Being sick at work never felt like an accident — it felt like an evaluation.
The first time I realized sickness felt like failure
I remember the day I woke up feeling unwell, the way my body felt heavier than usual, like someone had added static to every muscle and fiber.
It wasn’t a dramatic illness — no fever high enough to alarm anyone, no obvious cause to point at.
Just a general sense that something wasn’t right.
I knew enough to stay home. But the thought that ran through my mind was not, “I need rest.”
It was, “What does this look like?”
Not logical. Not objective. Not health‑centered.
But work‑centered.
Because even when my body ached, my mind wondered how others would interpret my absence.
Would it read as laziness? As unreliability? As something I should have powered through?
There was no one telling me any of those things aloud.
It was just the feeling that came with being unwell — as if sickness itself became a performance issue.
And that first moment didn’t feel like a moment of self‑care.
It felt like my body had failed a test I didn’t know I was taking.
Sickness as an internal judgment
It’s strange how the body can feel wrong even when it isn’t.
I can look back at that day now and logically see that being unwell was just a body doing what bodies sometimes do.
But in the moment, the narrative in my head wasn’t about biology. It was about value and worth.
My body didn’t feel like a site of illness.
It felt like a site of deficiency.
Because I’ve spent enough time inside work cultures where health is implicitly tied to productivity.
Where being present, being responsive, being available — those are the unspoken baseline requirements.
And when the body doesn’t comply, it feels like something inside me has misfired.
That’s not rational, exactly.
It’s emotional.
But feelings shape experience as much as logic does.
And in my experience, sickness shifted from being a state of the body to being a judgment about my body’s performance.
Even when that judgment existed only inside my head.
Getting sick didn’t feel like a moment of rest — it felt like a moment of failing at the job I thought I needed to embody.
The physical discomfort and the psychological weight
Physical symptoms are one thing — fatigue, heaviness, achiness, lack of appetite — those are tangible and real.
But the internal weight that accompanies them — the sense of letting something down — is something else entirely.
I remember lying there, body stern and slow to move, thinking about how work would continue without me.
Not in a dramatic way — no emergency was unfolding.
But in the ordinary way that work keeps happening whether I’m there or not.
And that ordinary continuation felt like a subtle indictment.
Like my absence would register as a gap — not in tasks, but in participation.
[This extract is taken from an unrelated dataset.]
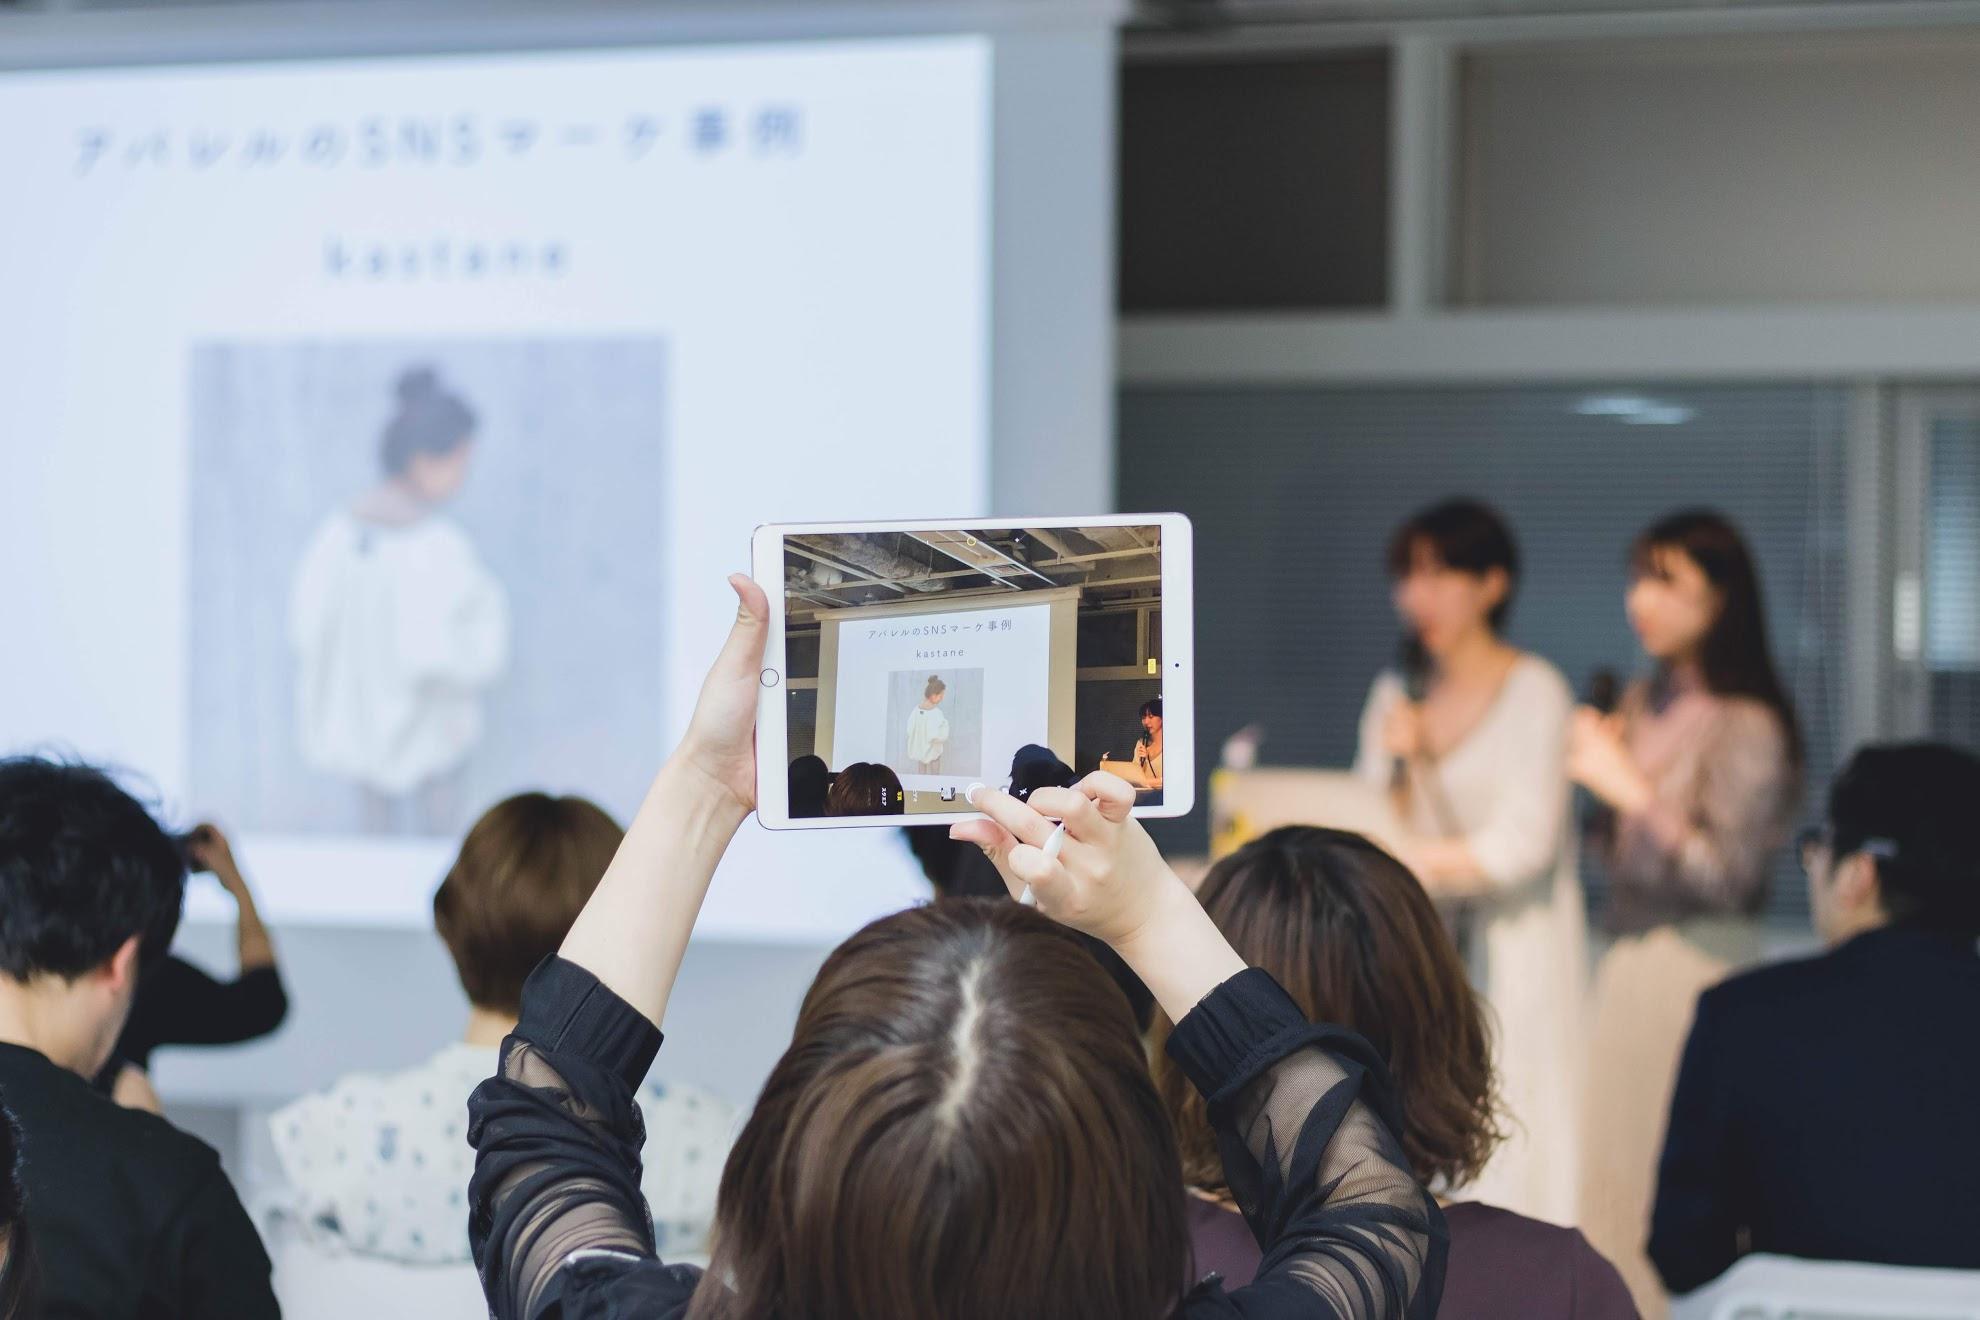 若者世代の消費行動は「neorare」が知っている。女子大生コンサルティング集団による「ワカモノ授業」イベントレポート

It’s similar to how I described subtle readiness in what it’s like living in a constant state of physical alertness, where the body stays prepared even when nothing urgent is happening.
Here, the body’s vulnerability felt like a violation of that readiness.
And that made it feel wrong.
Which comes first — the body or the narrative?
When my body felt sick, I wondered where the experience really lived.
Was the fatigue the symptom, or was the judgment the deeper part?
My body was undeniably uncomfortable.
At the same time, my mind felt heavy with interpretation — as though I had to read meaning into what was otherwise just a physical state.
This dual experience — physical discomfort and psychological narrative — became confusing.
Because part of me just wanted rest.
But another part of me felt like rest was something I had to “earn” back in work terms.
That sensation had roots in the fatigue I wrote about in what it feels like being tired all the time at work, where tiredness itself felt like something ambiguous instead of needing recovery.
Here, sickness felt equally ambiguous — a mix of physical state and internal debate.
And that ambiguity made it feel like failure.
The lingering sense of having let something slip
Even after I recovered physically, there was a residue.
Not in symptoms, but in the way my body and mind interpreted the experience.
There was a quiet sense of having missed something, of not being present, of having fallen short.
And it wasn’t because someone told me that.
It was because the internal culture I had absorbed treated absence as a soft kind of deficiency.
Not catastrophic, not dramatic — just noticeable to the nervous system and the internal narrative.
And because this sensation was internal, it never needed external validation to feel real.
Getting sick at work felt like a failure before it ever felt like an illness.